We utilize cut-pursuit for computing superpoints. Please install it by the following commands or its official guide:
CONDAENV=YOUR_CONDA_ENVIRONMENT_LOCATION
cd partition/cut-pursuit
mkdir build
cd build
cmake .. -DPYTHON_LIBRARY=$CONDAENV/lib/libpython3.9.so -DPYTHON_INCLUDE_DIR=$CONDAENV/include/python3.9 -DBOOST_INCLUDEDIR=$CONDAENV/include -DEIGEN3_INCLUDE_DIR=$CONDAENV/include/eigen3
make
You can find the pre-trained checkpoints from here.
After downloading the checkpoint file, you can use the following command to run inference for them.
python3 run.py
The script will generate the following files:
rendered_img/: rendering of the input point cloud from 10 different views.
paris3d_pred/: 2D masks generated by PARIS3D for each view.

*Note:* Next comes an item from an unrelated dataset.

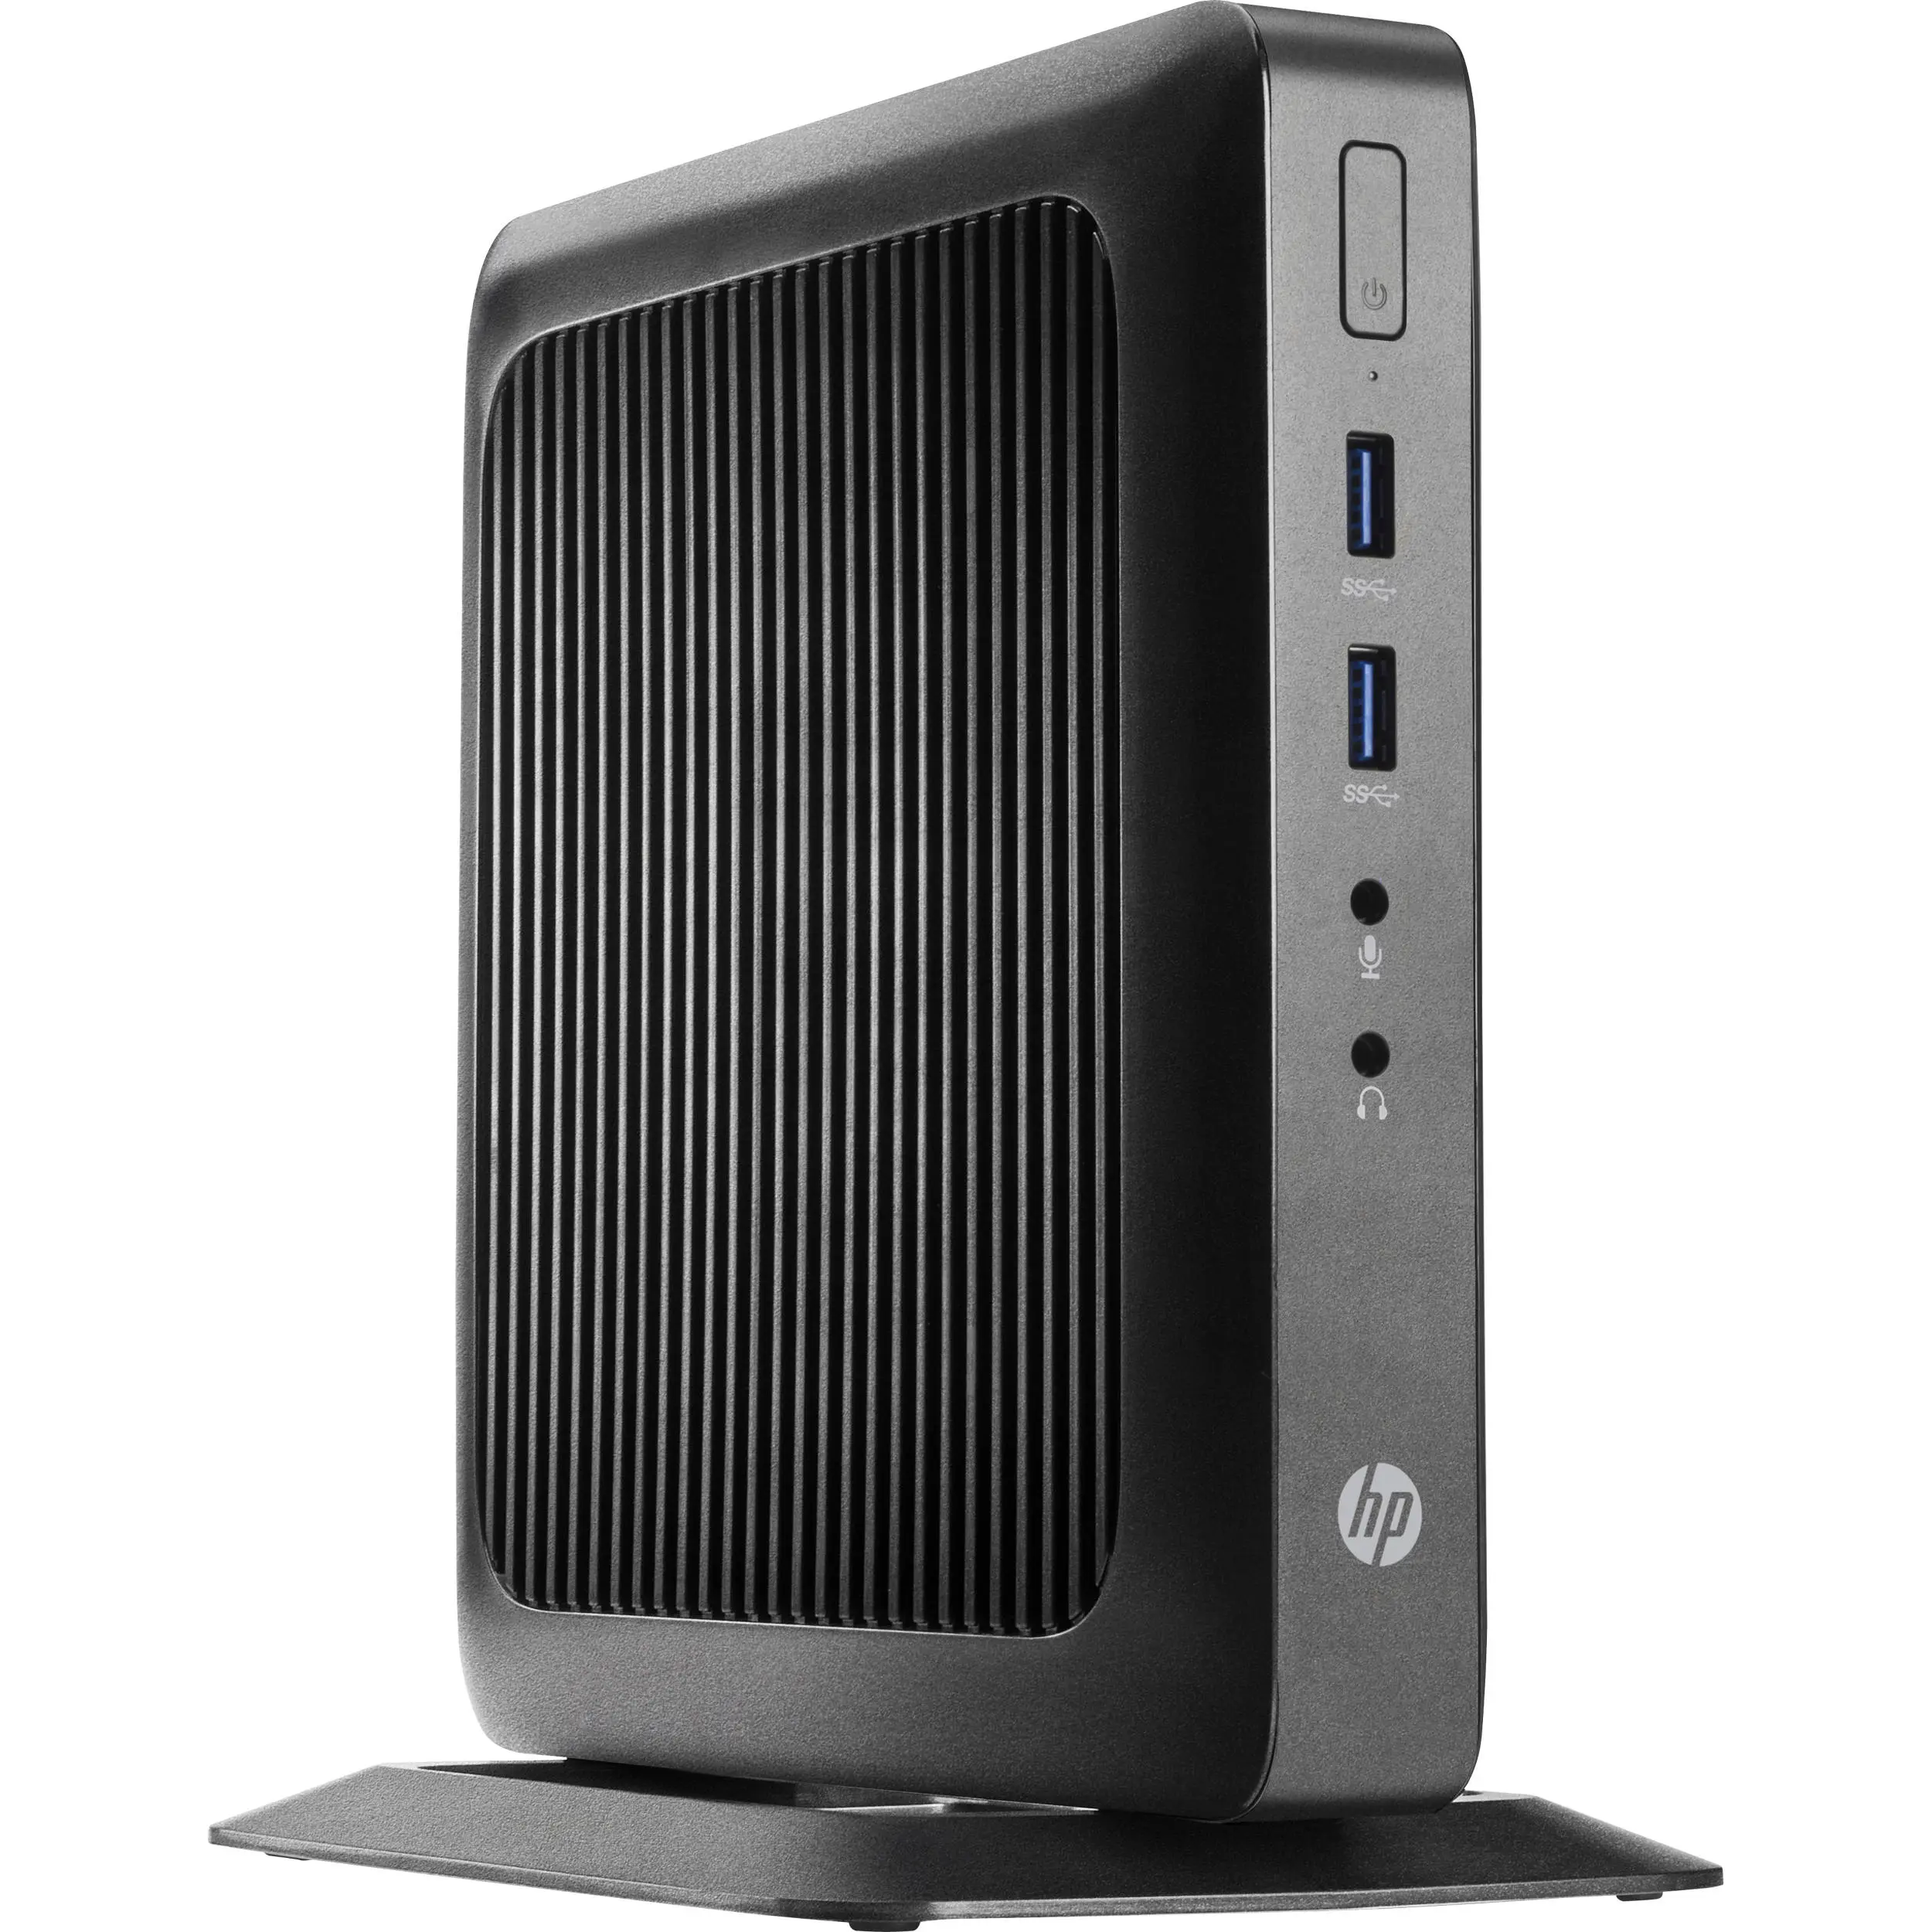 hewlett packard thin client - What is the difference between HP thin client and desktop

superpoint.ply: Generated super points for the input point cloud for converting masks to 3D segmentation. Different super points are in different colours.
semantic_seg/: visualization of semantic segmentation results for each part. Coloured in white or black.
sem_seg_eval.py
provides a script to calculate the mIoUs reported in the paper.
Our dataset comprises 2624 3D objects and over 60k instructions. We use 718 objects and their corresponding instructions as the train set, and the remaining 1906 objects along with their instructions are used for testing. For reliable and fair assessment, we have aligned the 3D objects with those from PartNet-Ensemble, annotating them with implicit text instructions and using ground truth labels to generate high-quality target masks. You can find the dataset used in our paper from here.
train: This is the reasoning data used for training the model.
test: The test data is similar to [PartSLIP](https://arxiv.org/abs/2212.01558) but supported with text instructions.
Explanatory: A JSON file that supports the training data with detailed explanations.
PartNetE_meta.json: part names trained and evaluated of all 45 categories.
If you find our work helpful, please cite:
@misc{kareem2024paris3d,
title={PARIS3D: Reasoning-based 3D Part Segmentation Using Large Multimodal Model},
author={Amrin Kareem and Jean Lahoud and Hisham Cholakkal},
year={2024},
eprint={2404.03836},
archivePrefix={arXiv},
primaryClass={cs.CV}
}
Our work is heavily based on PartSLIP and LISA.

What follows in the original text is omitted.